REQUIRED ACTION –
Set the data down again, exactly as it reads, but without the pictures.

DATA EXCERPT –

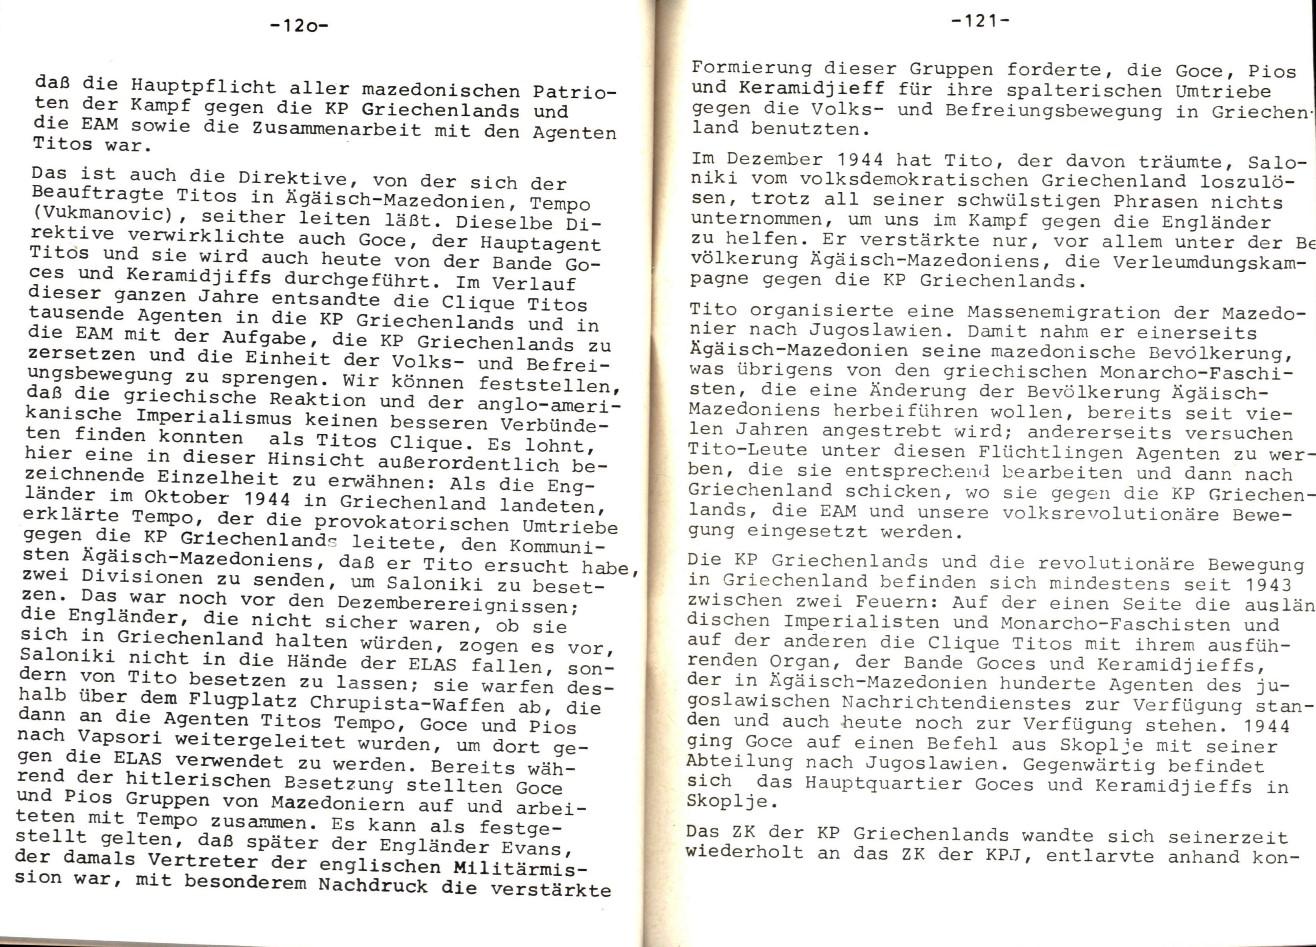 MLSK_Theorie_und_Praxis_des_ML_1979_24_62
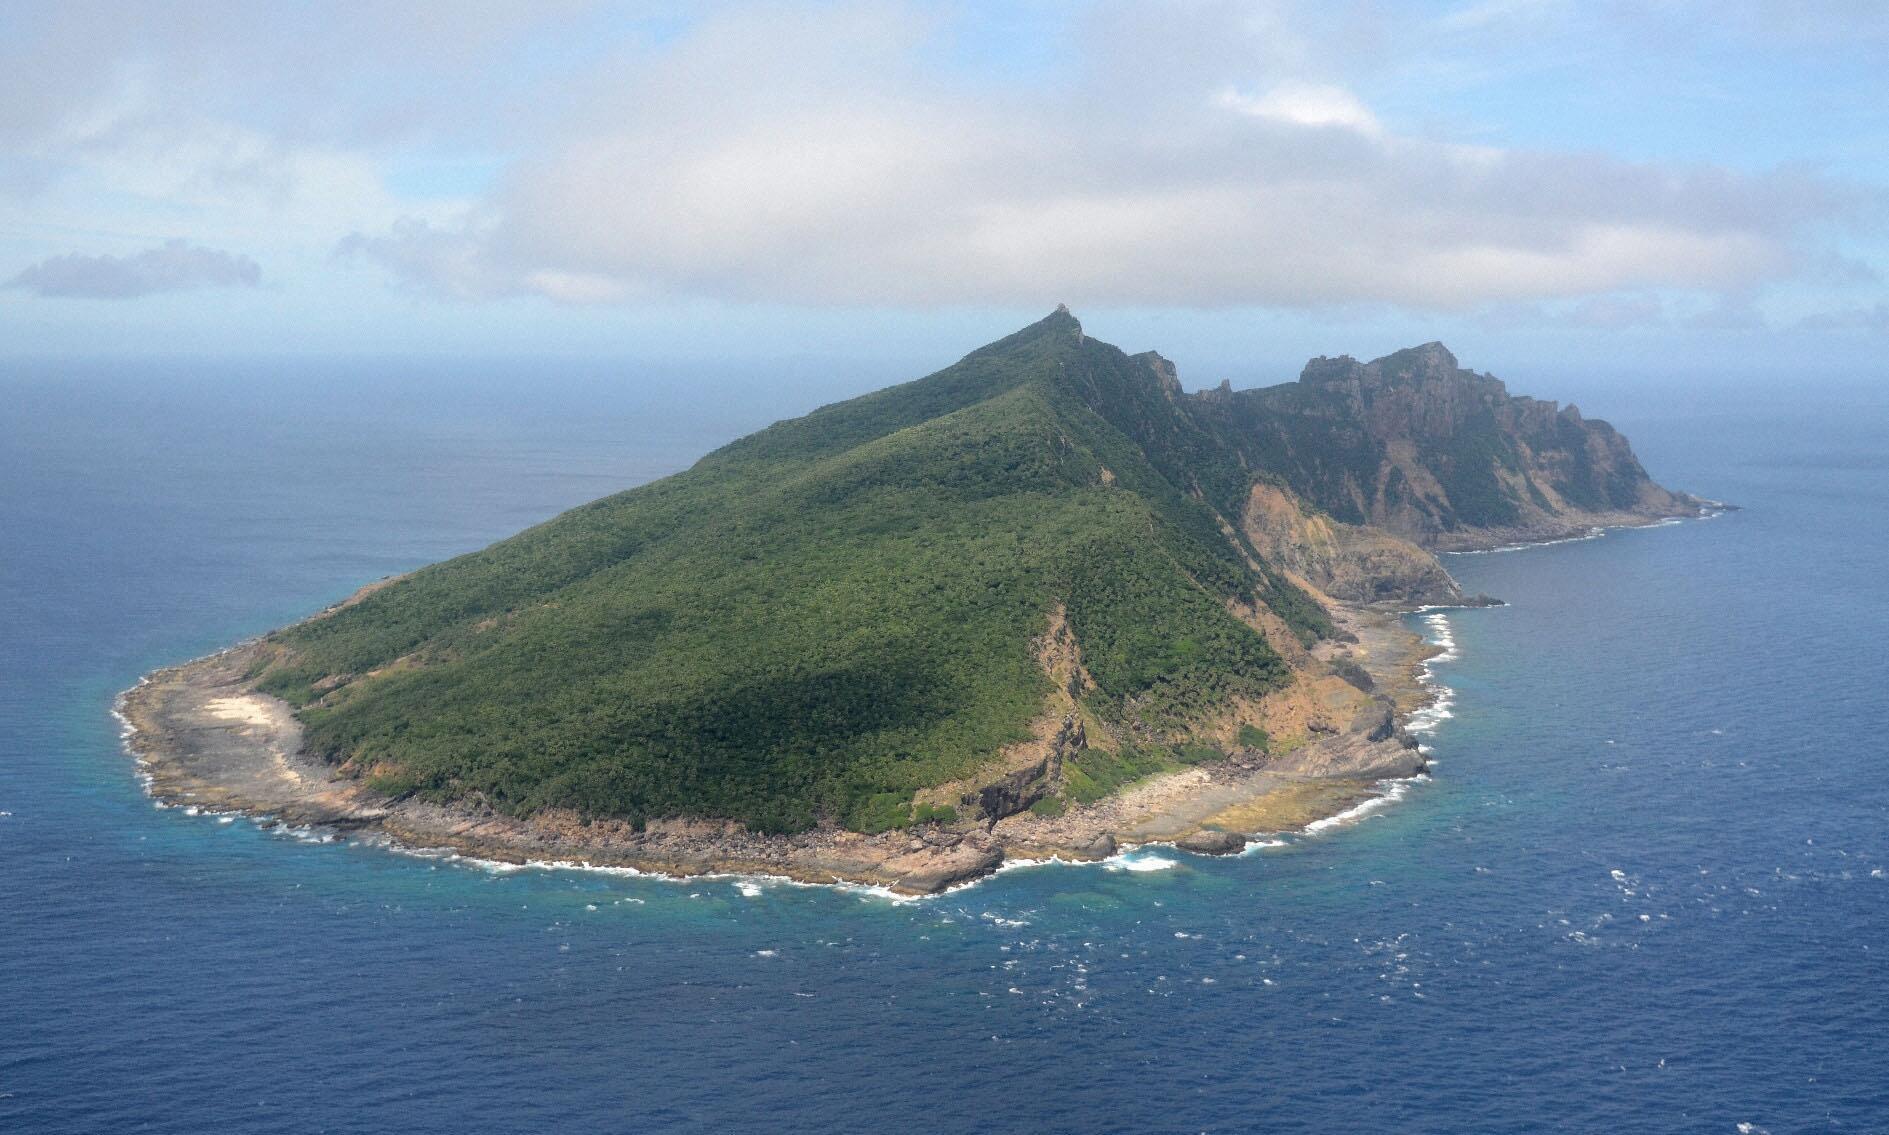 L'île d'Uotsuri fait partie des îles Senkaku / Diaoyu que se disputent le Japon et la Chine.
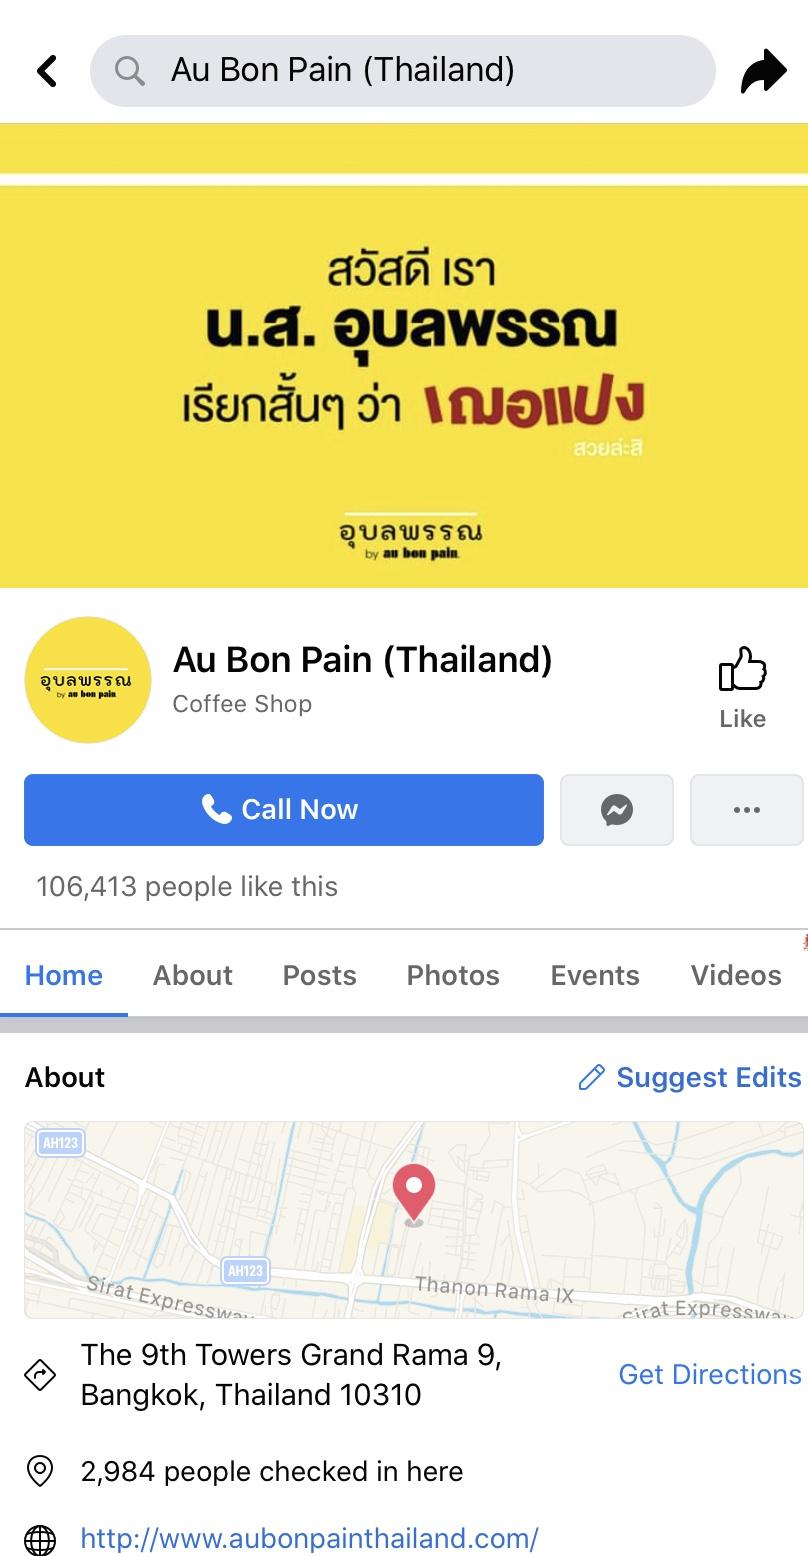 ภาพจากเพจ Au Bon Pain (Thailand)

ANSWER TO THIS TASK –
 MLSK_Theorie_und_Praxis_des_ML_1979_24_62
 L'île d'Uotsuri fait partie des îles Senkaku / Diaoyu que se disputent le Japon et la Chine.
 ภาพจากเพจ Au Bon Pain (Thailand)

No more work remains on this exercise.